Provided data:
· · · ·

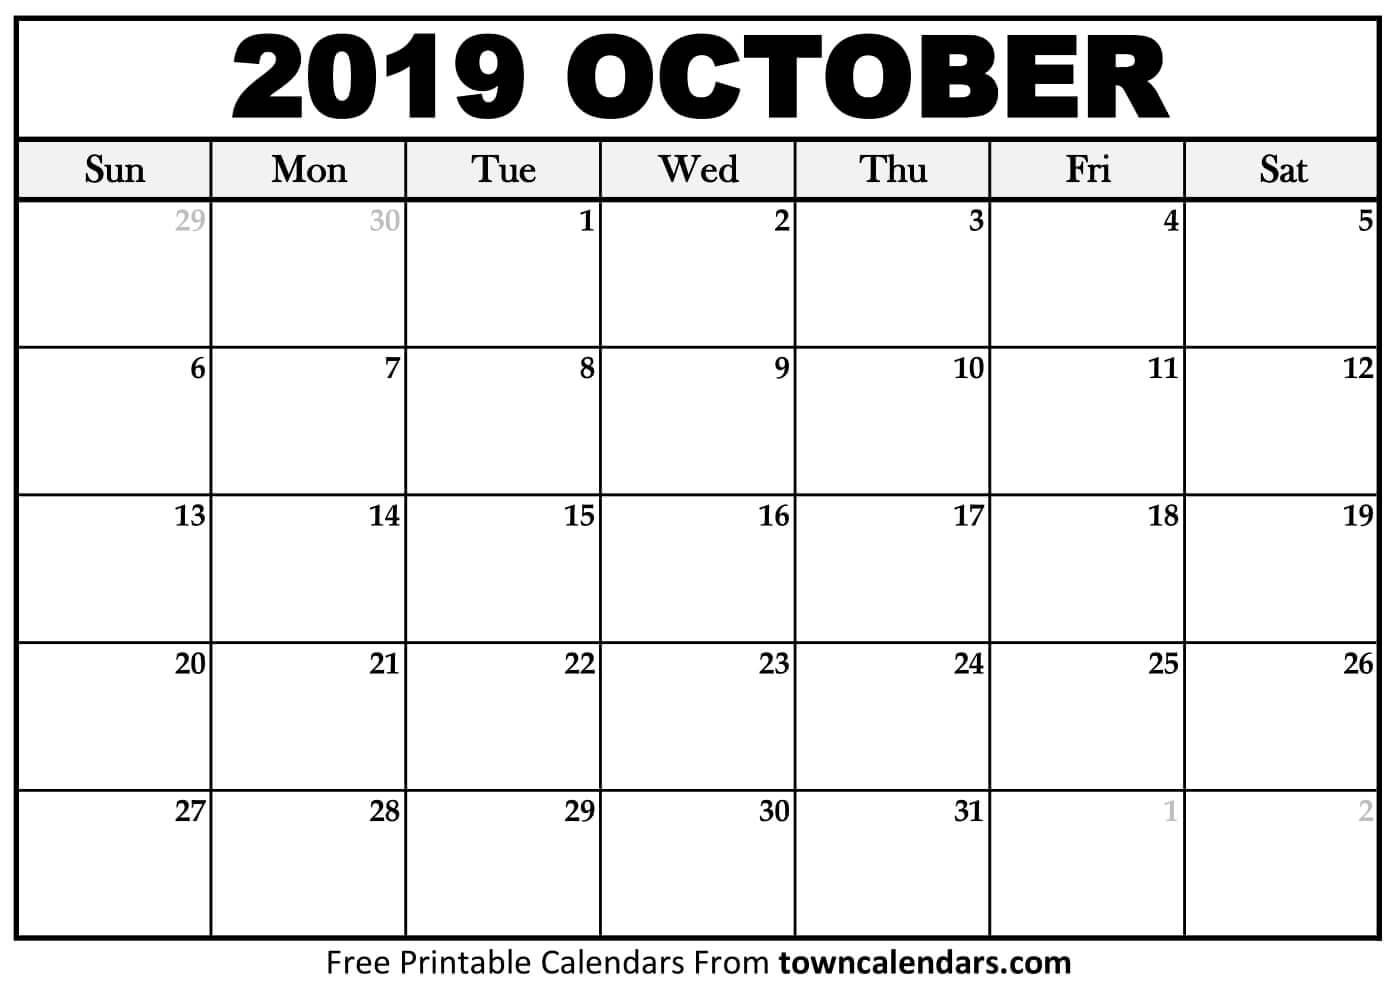 Printable October 2019 Calendar - Towncalendars
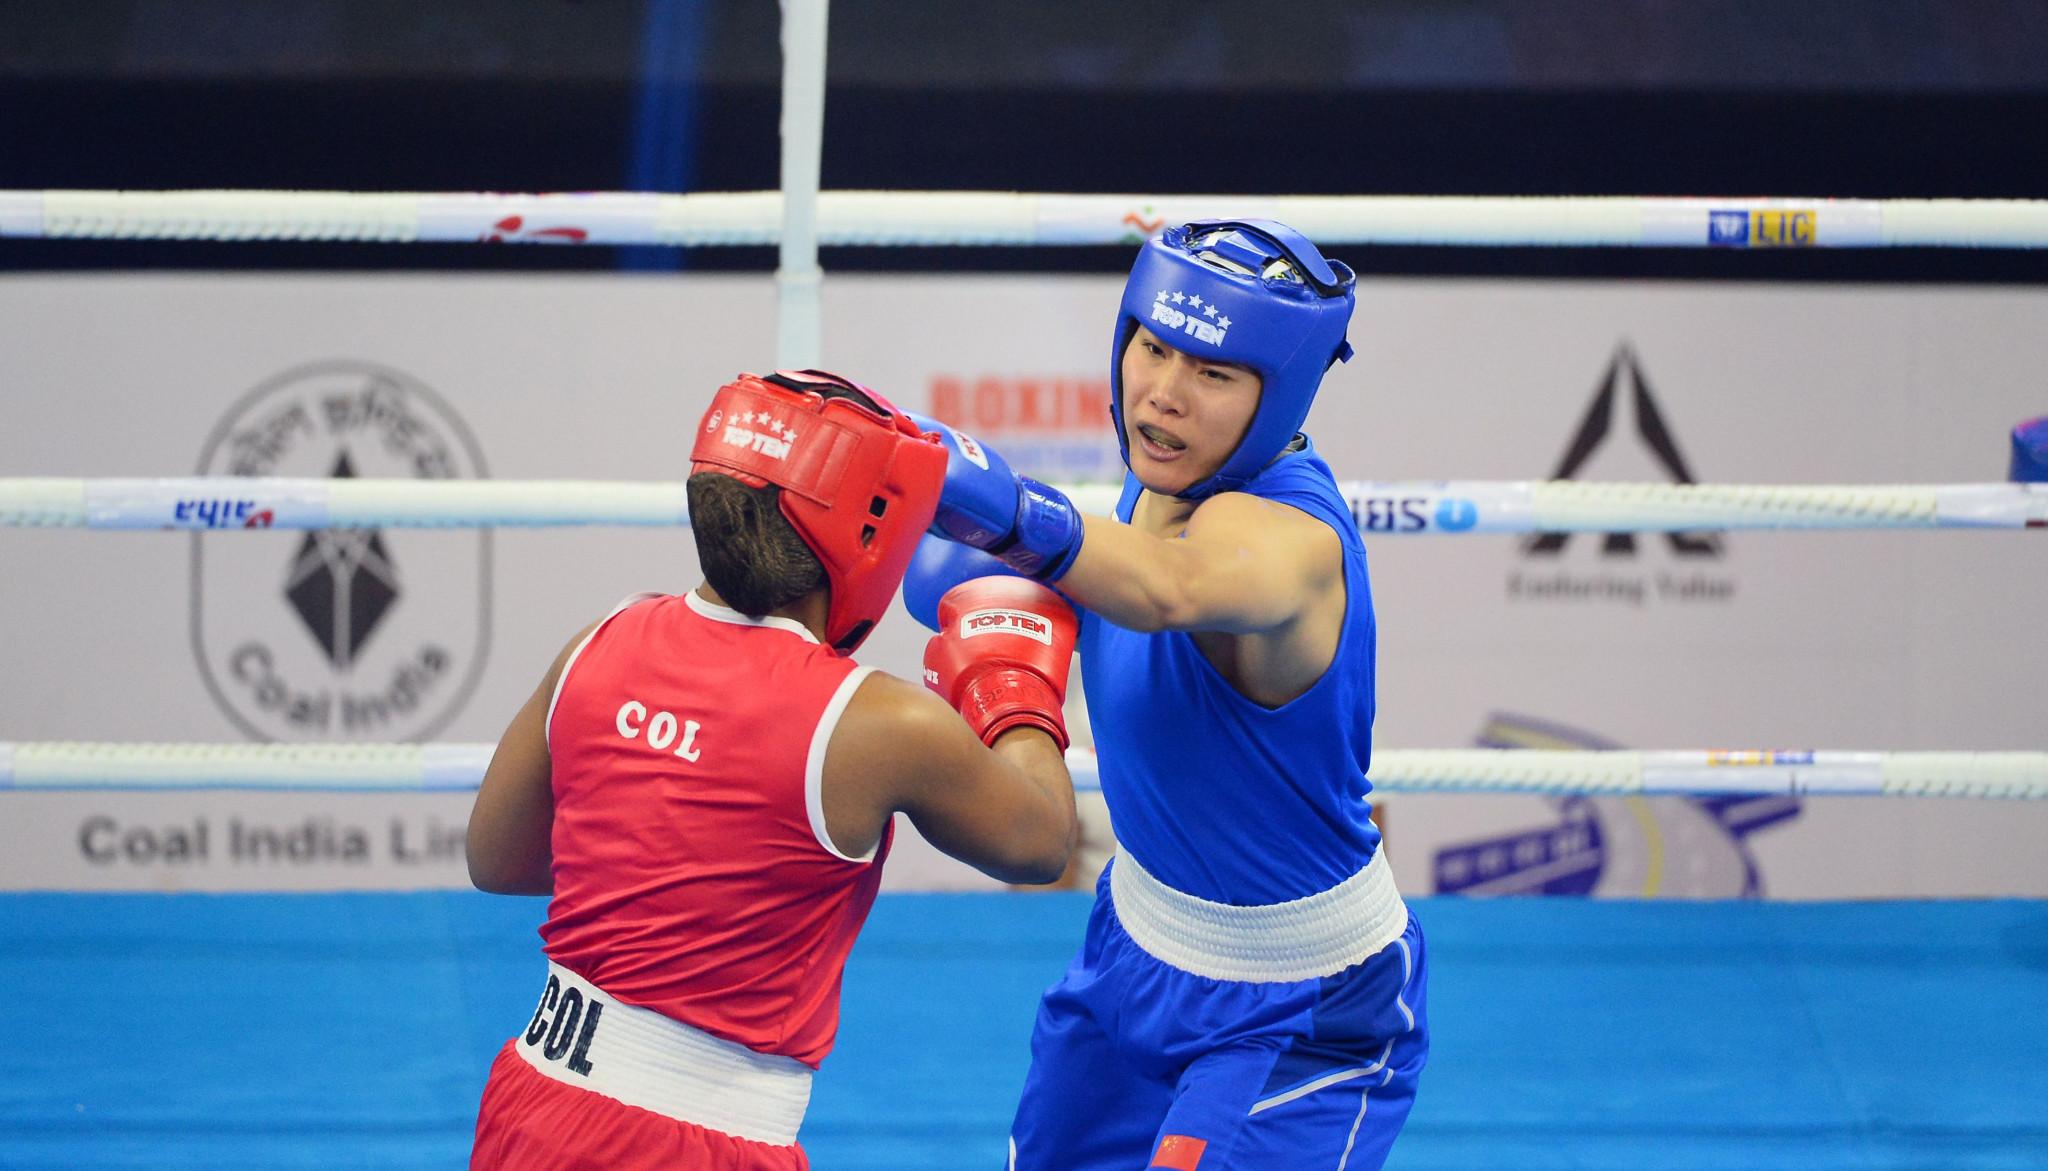 AIBA plans global celebration for International Boxing Day
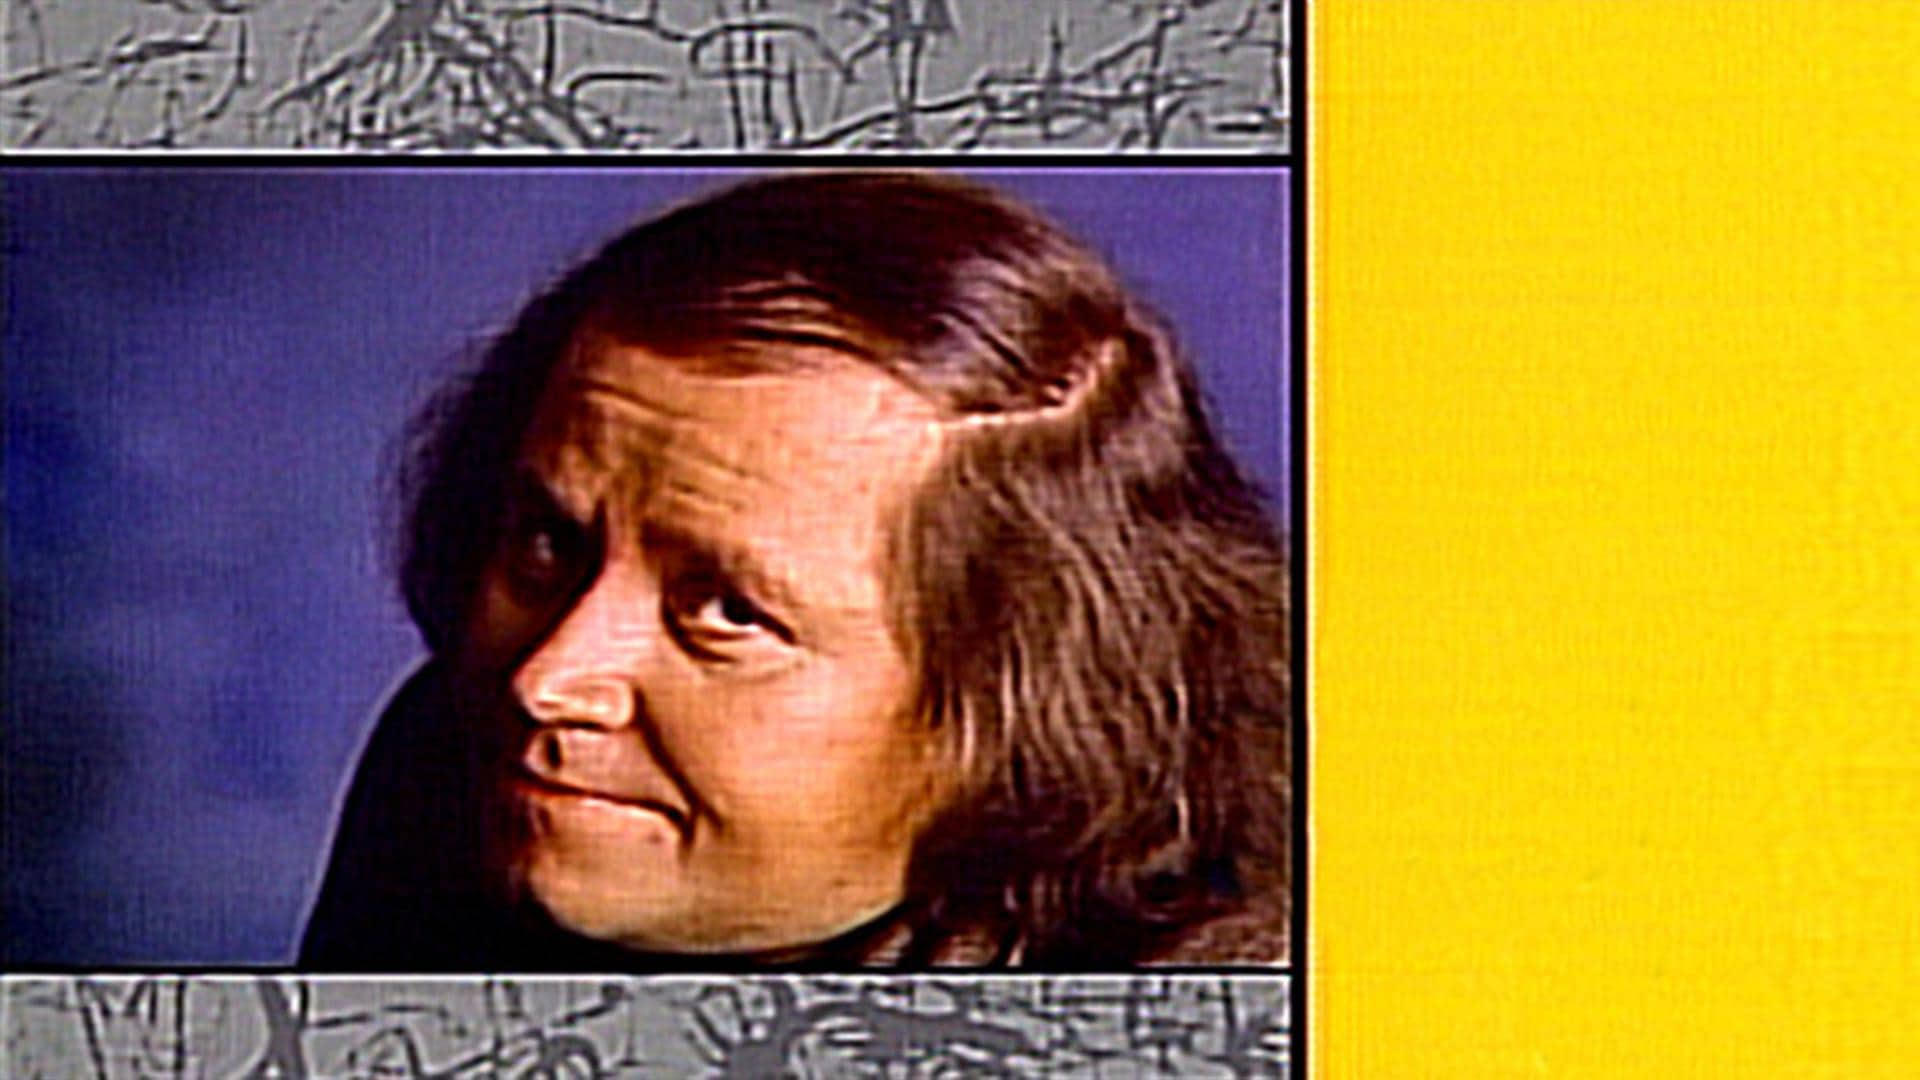 Sam Kinison: November 15, 1986

· · · ·

Directions:
The response should reproduce all the material above exactly and leave out its pictures.

Solution to this exercise:
 Printable October 2019 Calendar - Towncalendars
 AIBA plans global celebration for International Boxing Day
 Sam Kinison: November 15, 1986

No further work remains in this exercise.